→ DATA EXTRACT:
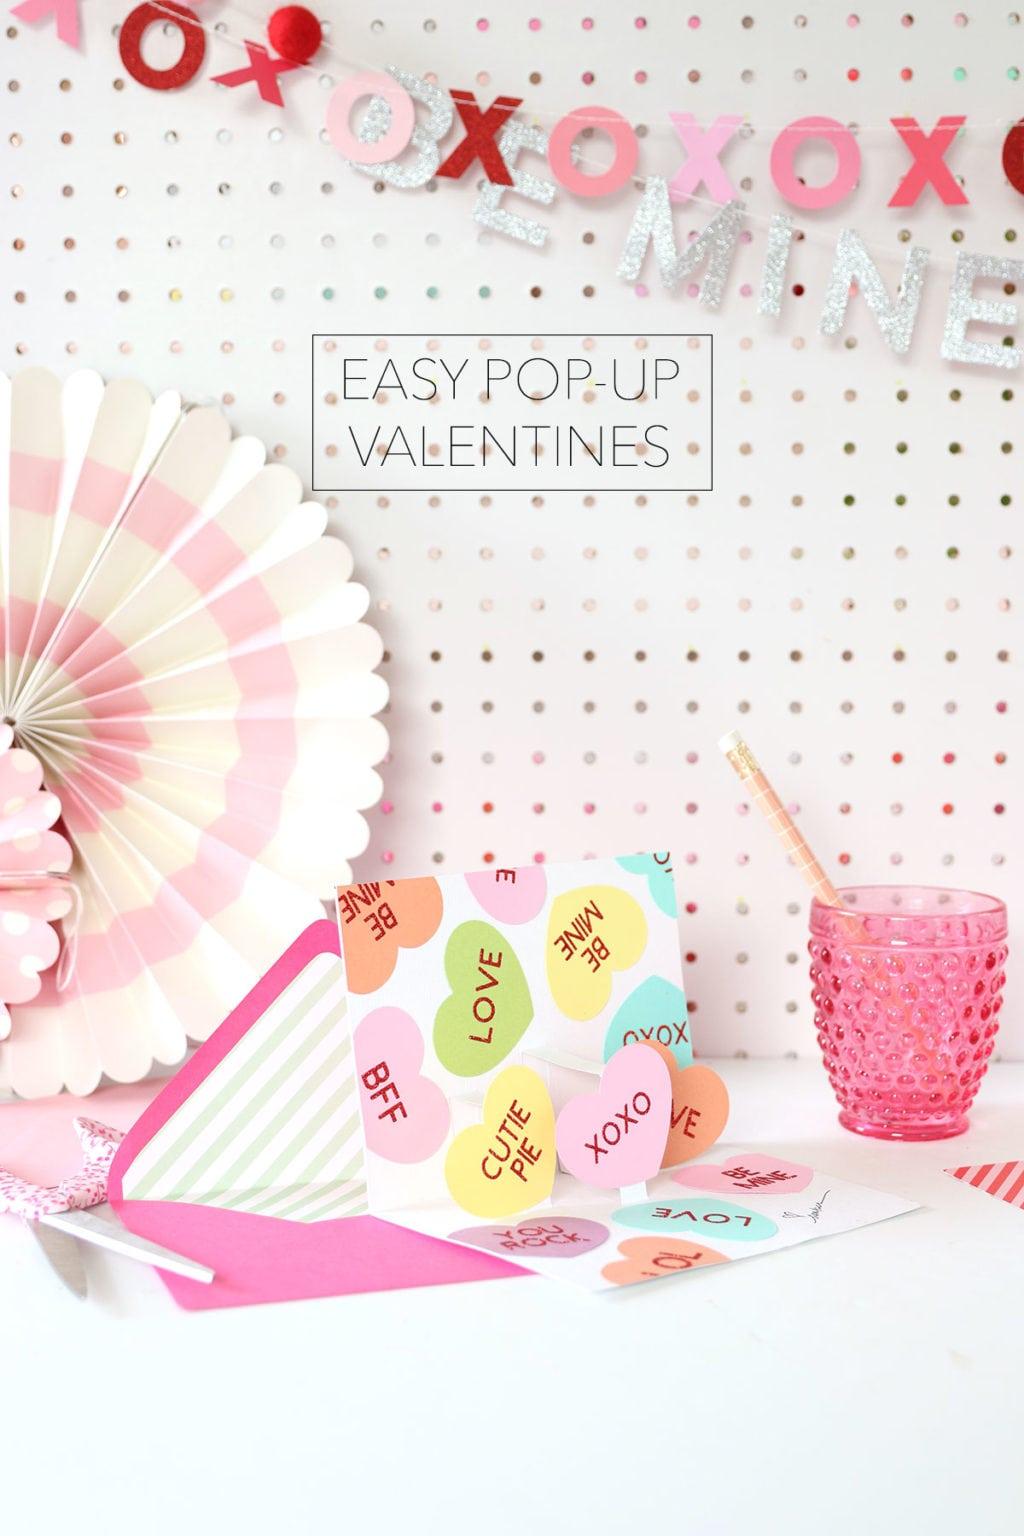 Easy Diy Pop-Up Valentine's Day Cards
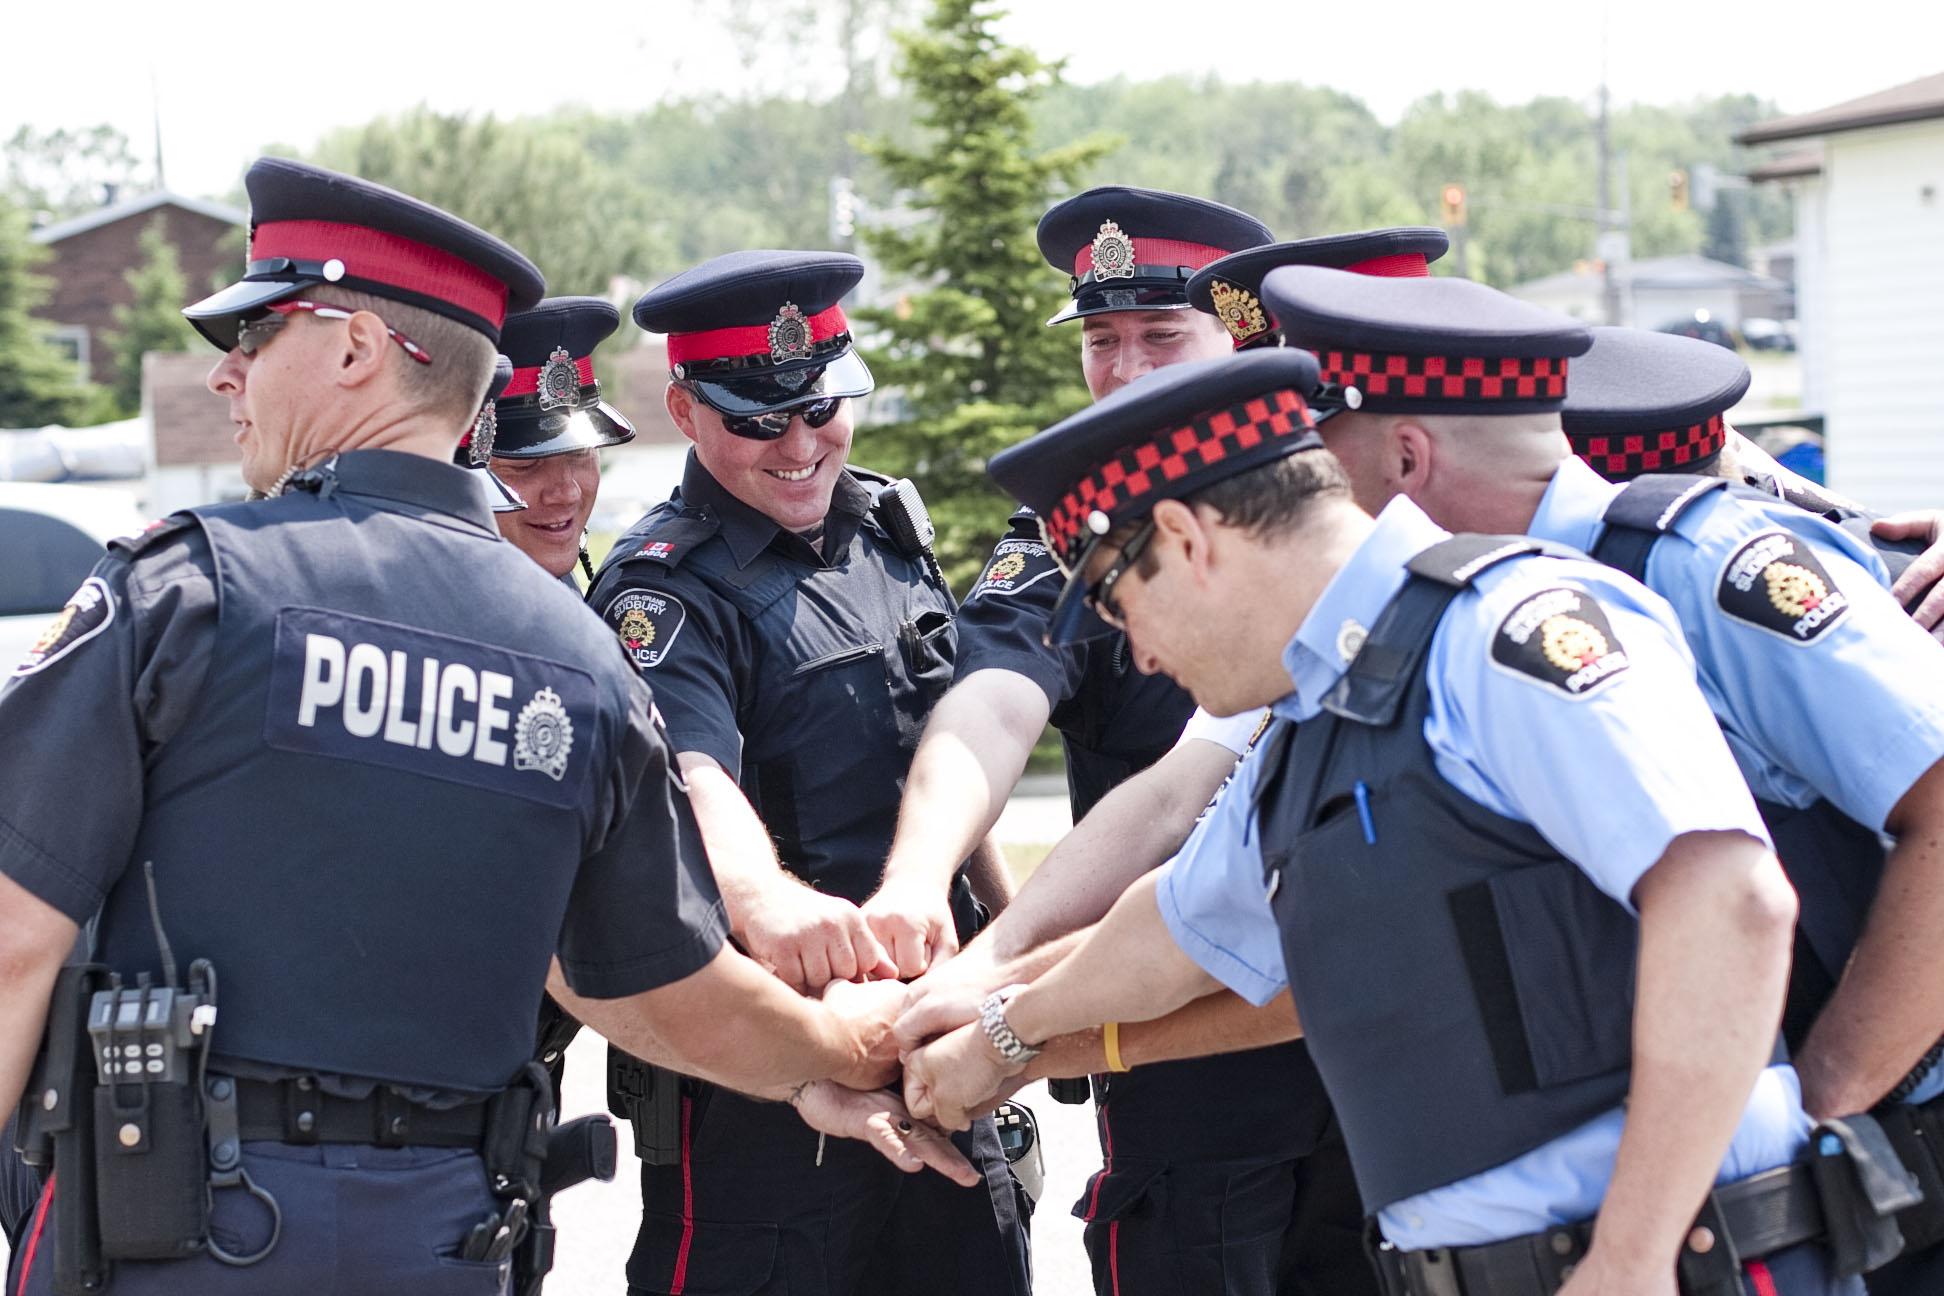 911 Pro Inc Police
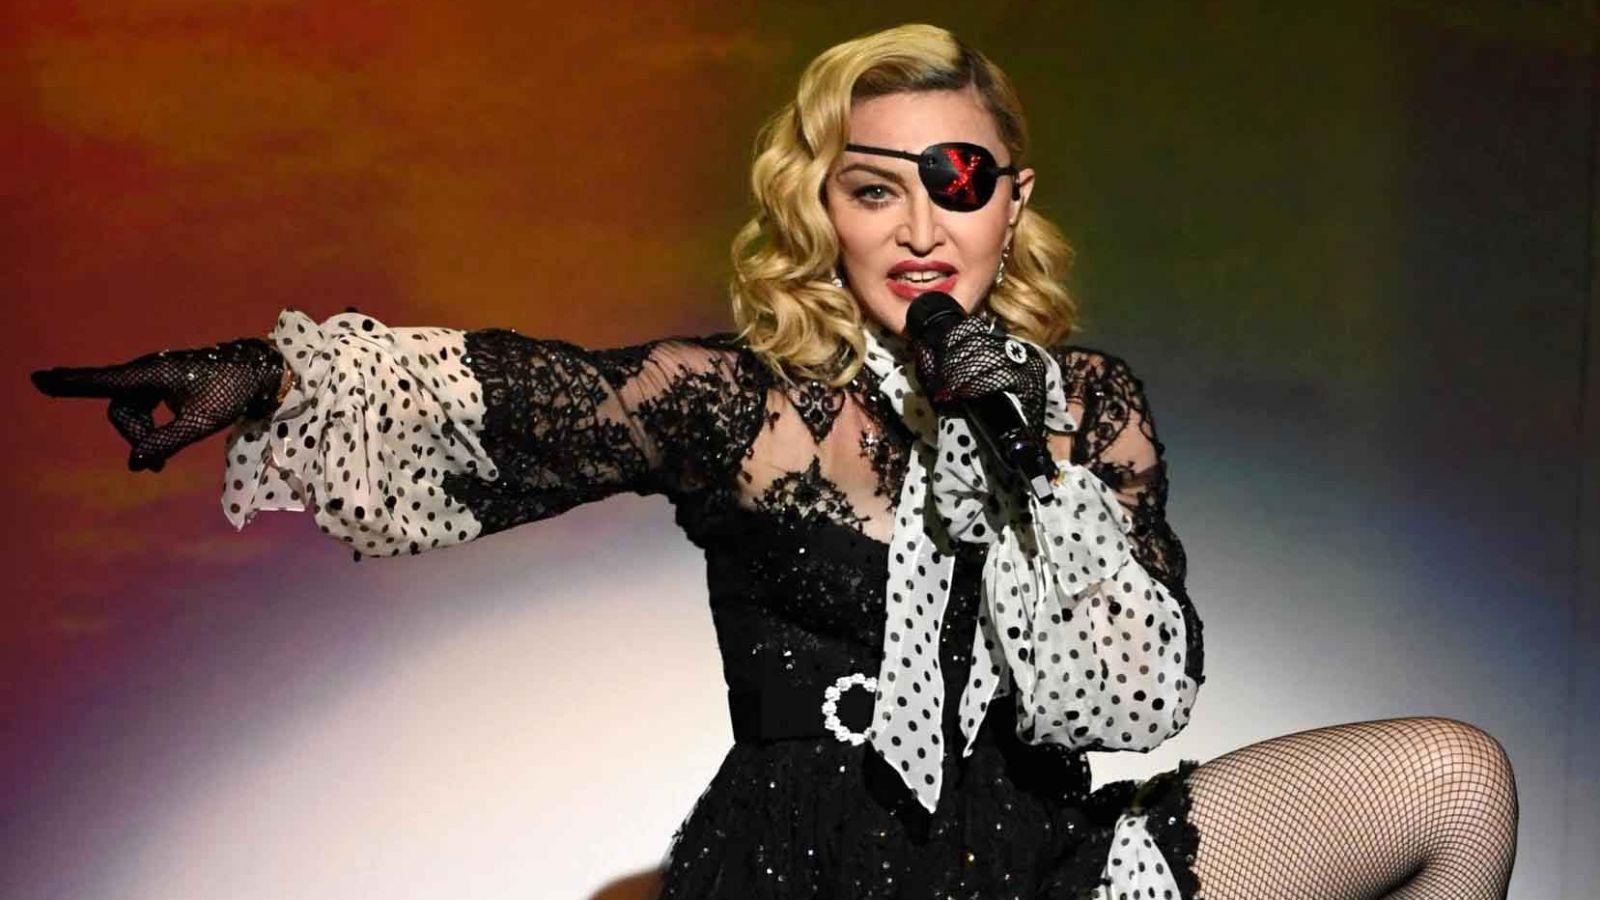 Madonna: Έρχεται ντοκιμαντέρ στο Netflix με θέμα τη ζωή της βασίλισσας της pop [vids]

→ HOW TO COMPLETE THIS TASK:
Leaving out the pictures, output the listing above exactly as given.

→ ANSWER TO THE PROBLEM:
 Easy Diy Pop-Up Valentine's Day Cards
 911 Pro Inc Police
 Madonna: Έρχεται ντοκιμαντέρ στο Netflix με θέμα τη ζωή της βασίλισσας της pop [vids]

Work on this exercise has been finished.